With reference to Central Bank digital currencies, consider the follow

With reference to Central Bank digital currencies, consider the following statements :

  • 1. It is possible to make payments in a digital currency without using US dollar or SWIFT system.
  • 2. A digital currency can be distributed with condition programmed into it such as a time-frame for spending it.

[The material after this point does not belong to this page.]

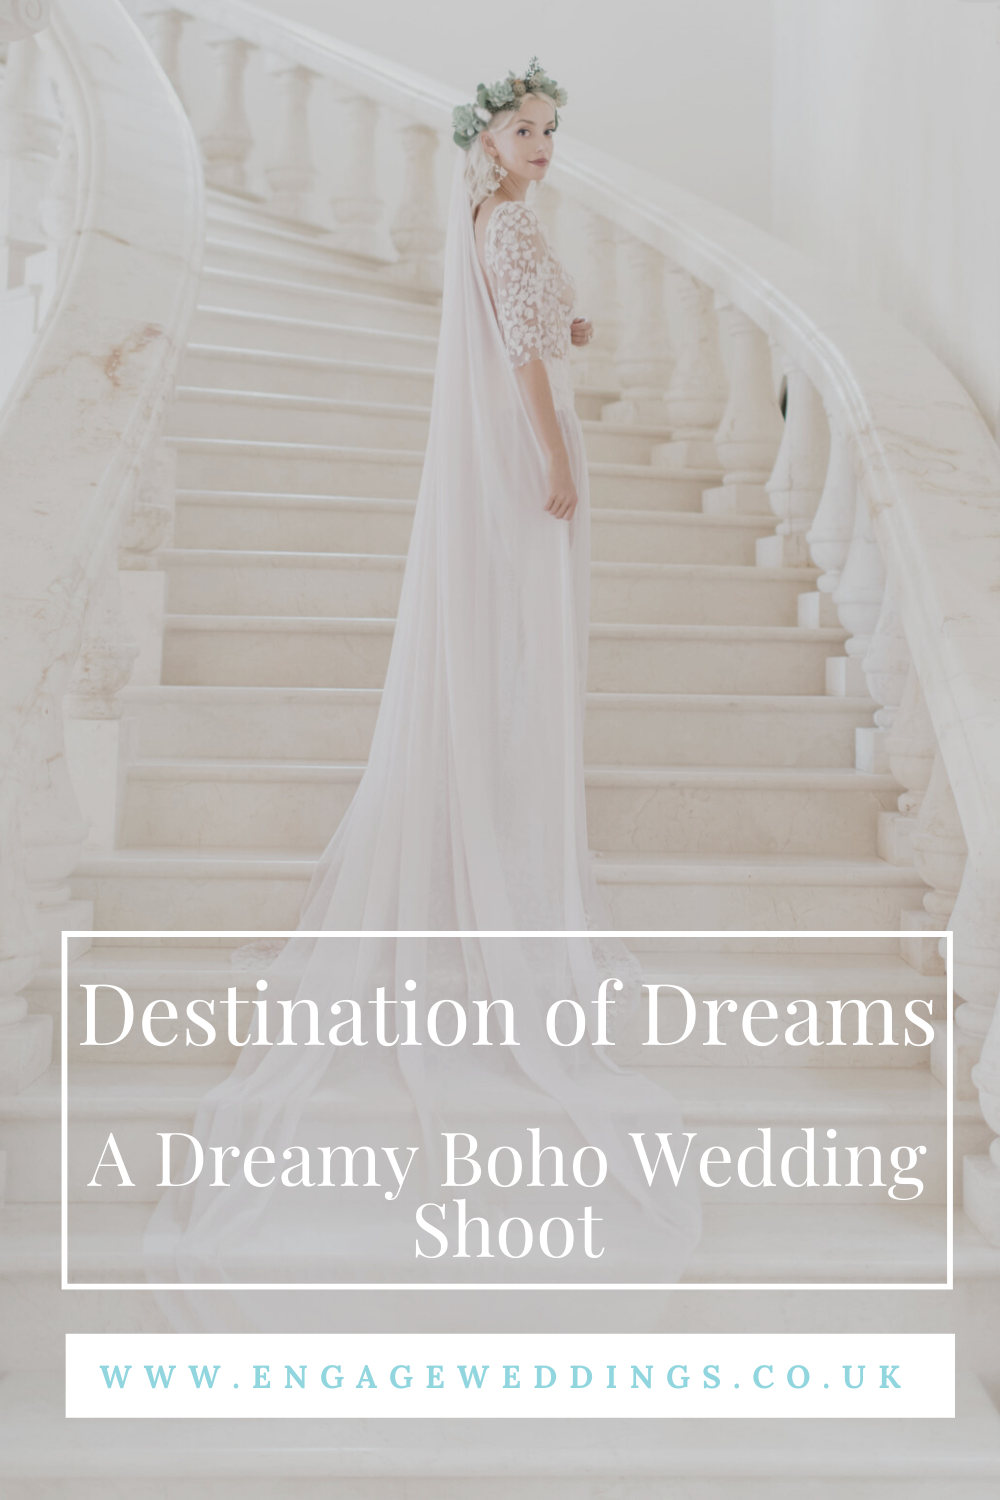 Destination of Dreams, A Dreamy Boho Wedding Shoot_engageweddings.co.uk.png

Which of the statements given above is/are correct?

1 only
2 only
Both 1 and 2
Neither 1 nor 2
This question was previously asked in
UPSC IAS – 2023
Both statements are correct. Central Bank Digital Currencies (CBDCs) offer capabilities that can bypass traditional international payment systems like SWIFT and can potentially incorporate features like programmability.
– CBDCs allow for direct digital payment rails that do not necessarily rely on intermediary banks or existing international systems like SWIFT. This can facilitate faster and potentially cheaper cross-border transactions without requiring conversion to a specific reserve currency like the US dollar for routing.
– CBDCs can be designed with built-in rules or conditions, making them ‘programmable’. This could include setting time limits for spending (expiry dates), restricting usage to specific goods or services, or triggering payments upon fulfillment of certain conditions.
CBDCs are digital forms of a country’s fiat currency issued by the central bank. They are distinct from cryptocurrencies like Bitcoin (which are decentralized) and stablecoins (which are typically issued by private entities and pegged to an asset). Many central banks globally are researching and piloting CBDCs for various potential benefits, including payment system efficiency, financial inclusion, and monetary policy implementation.